Figure 13 shows the results provided by the detector over two image samples. The performance metrics for the detector are displayed in Table 7. The performance of the detector could be further improved using tracking, which integrates information over time and thus reduces the number of false negatives by propagating information between consecutive frames, as proposed in Gade and Moeslund (2018). Including more heuristics to the region proposal generator could also improve the overall detector’s performance. However this falls outside the scope of this paper. Overall, these results support our hypothesis regarding the applicability of the proposed approach to domains beyond the RoboCup SPL, as suitable solutions can be obtained by constructing systems based on some of the processing pipelines of our detectors and their CNN-based classifiers.

Fig. 13
figure 13

Human soccer players’ detection in thermal cameras. a Correctly detected players, b a false negative detection, and two players incorrectly grouped as one

Table 7 Performance of the human soccer players detector

6 Conclusions

This paper describes a new vision framework that does not use any color information. This is a novel approach for vision systems designed for the RoboCup SPL, achieving very high performance while being computationally inexpensive.

The proposed vision system we present introduces four new modules: a redesigned robot detector, a visual robot orientation estimator, a brand new ball detector, and finally, a color-free field lines and features detector.
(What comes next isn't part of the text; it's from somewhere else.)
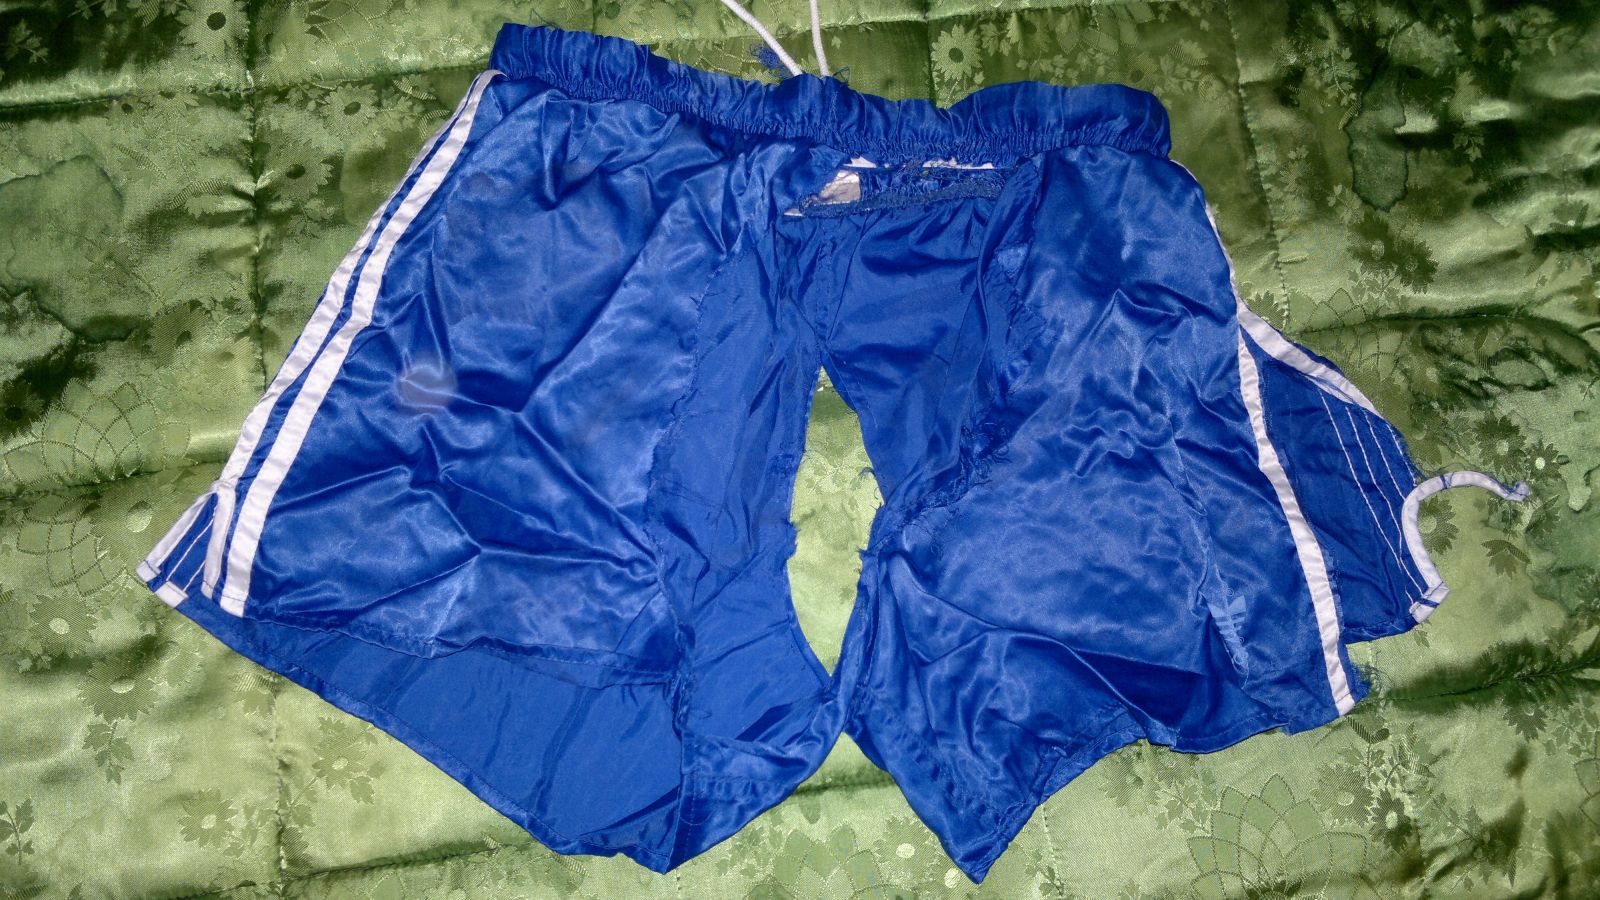 Blaue Adidas shorts Satin Von Mir Behandlung Teil1 RIPPING 4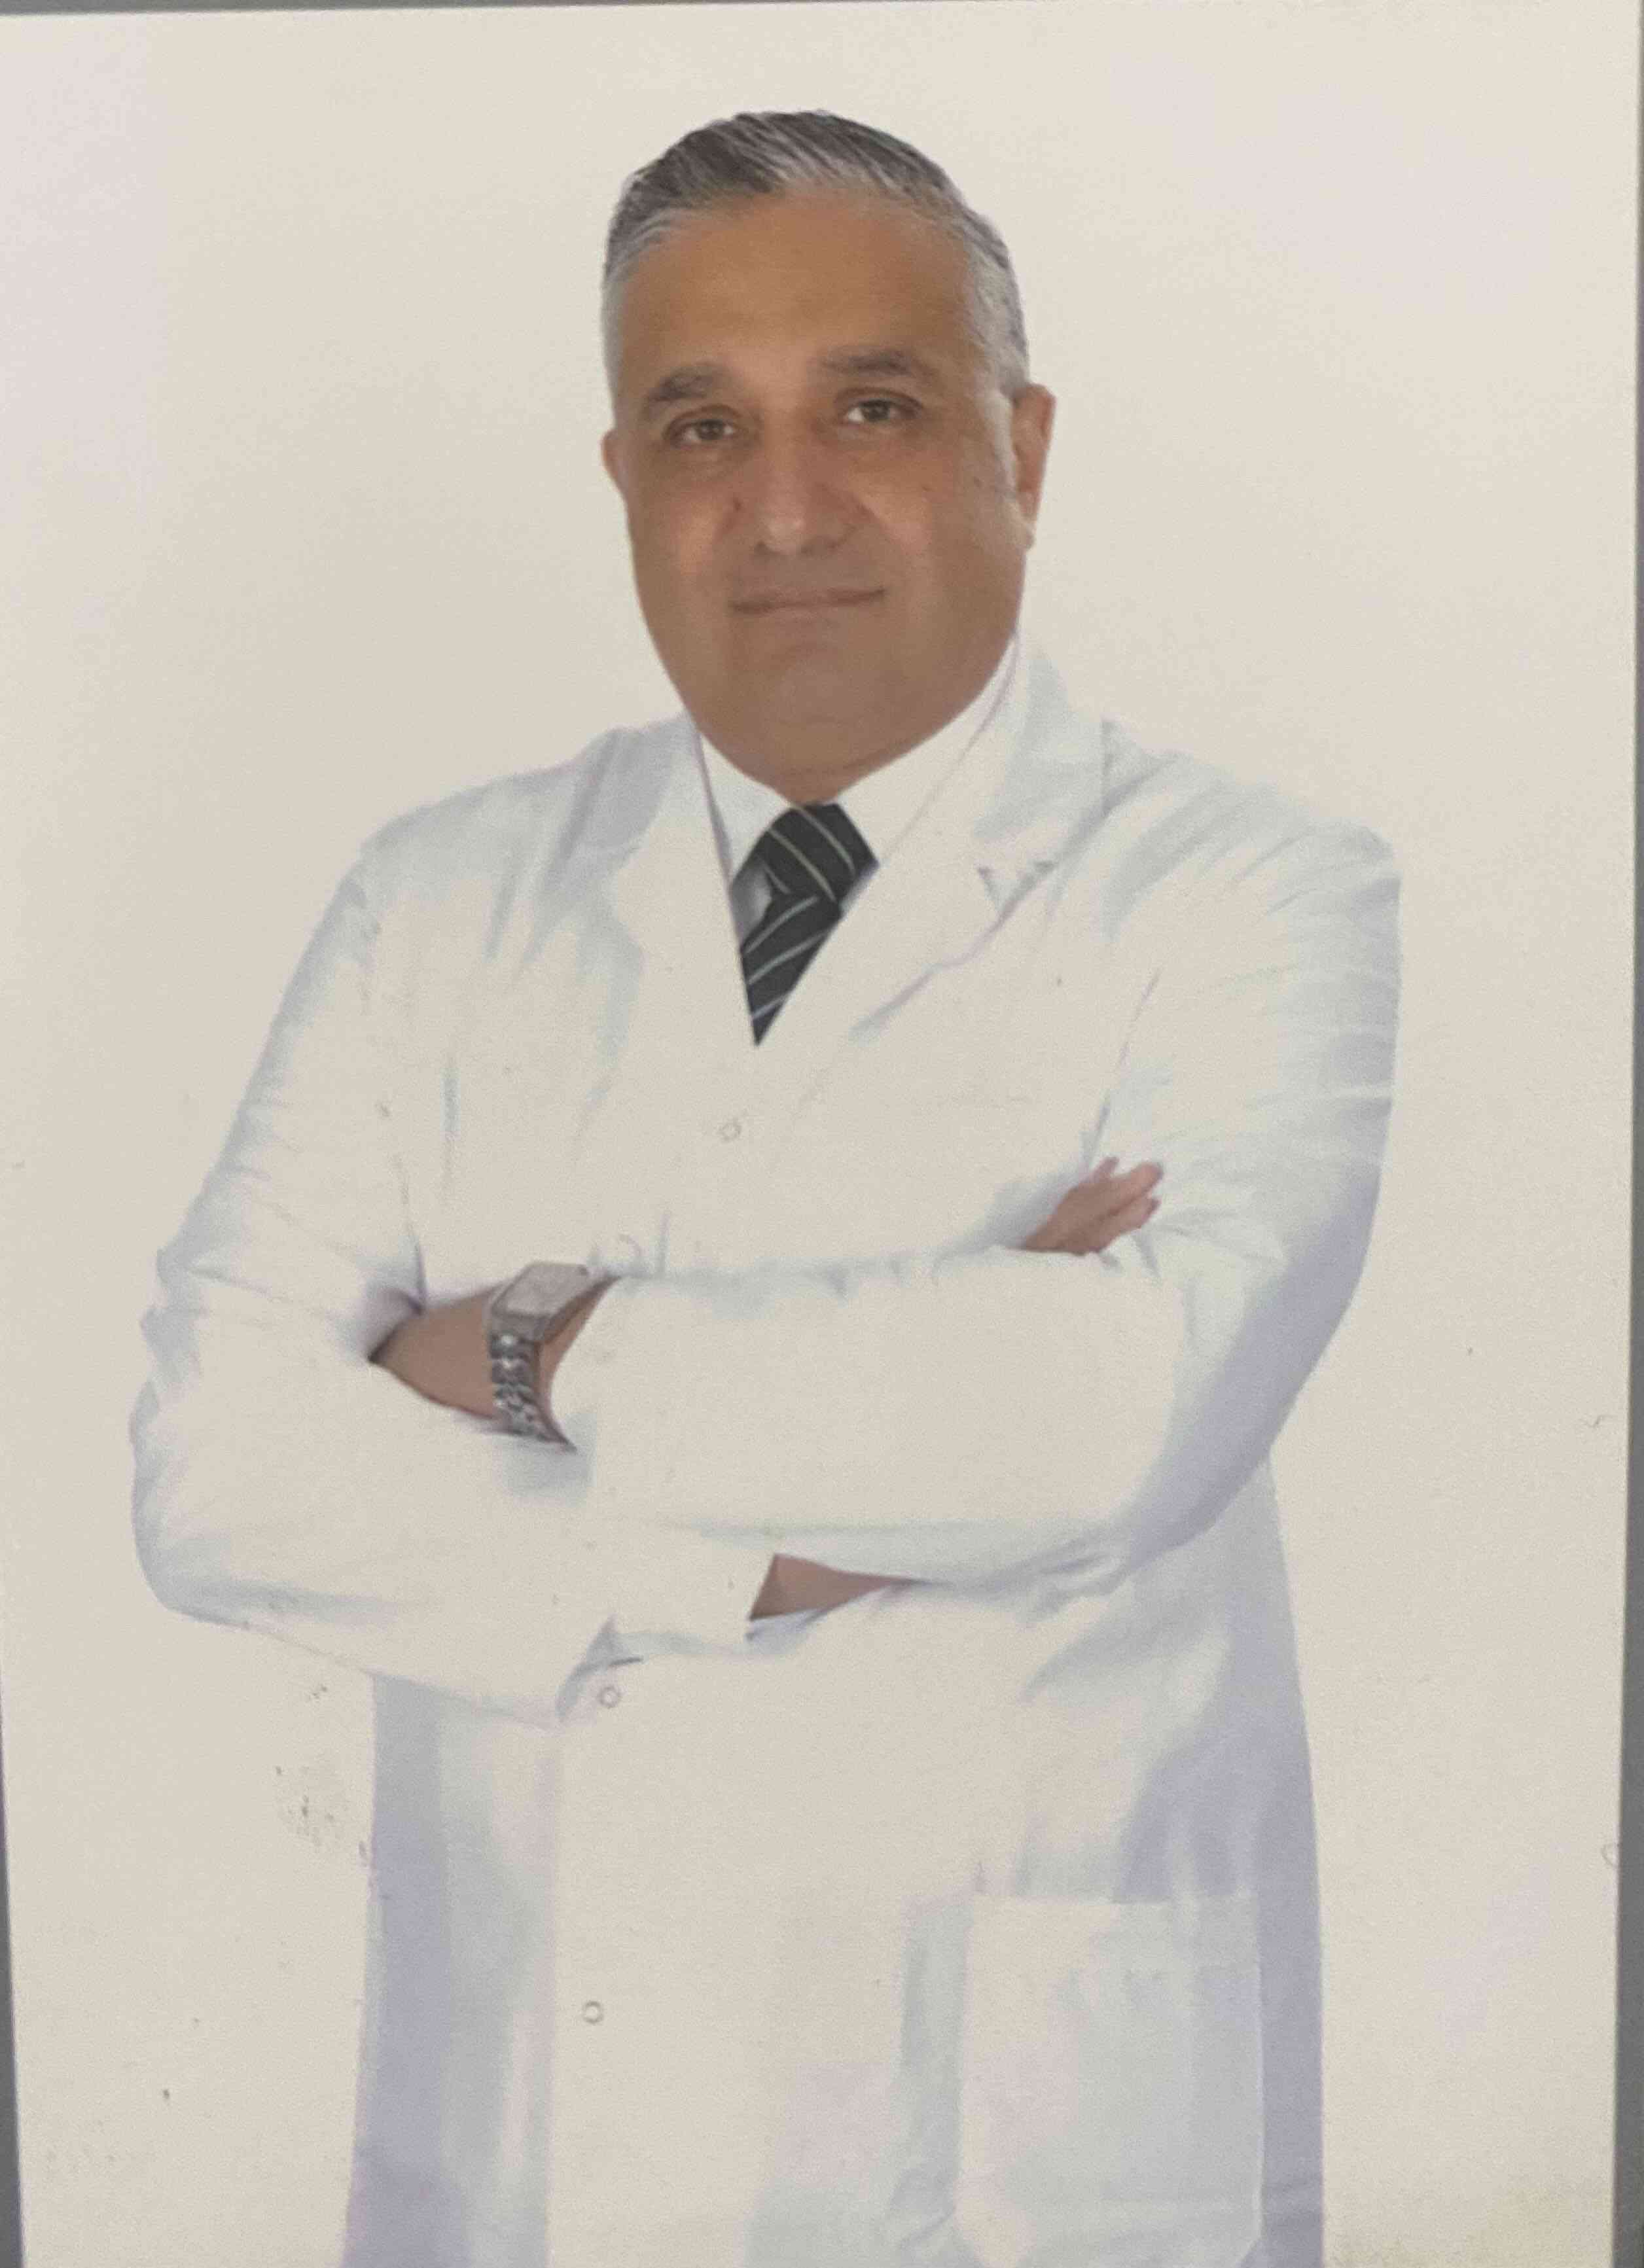 Dr. Sherif Mourad

All modules developed for this paper are able to run simultaneously in real-time when deployed on a NAO robot playing soccer.

Moreover, we demonstrate that CNN-based classifiers are a useful tool to solve most of the perception requirements of humanoid soccer robotics, and generally translate in an overall better performance of the corresponding modules when coupled with good region proposal algorithms, and a proper use of design and training techniques.

Furthermore, the proposed framework is successfully validated in a different domain, where human soccer players are detected using thermal images. This shows the applicability of the proposed framework beyond soccer robotics.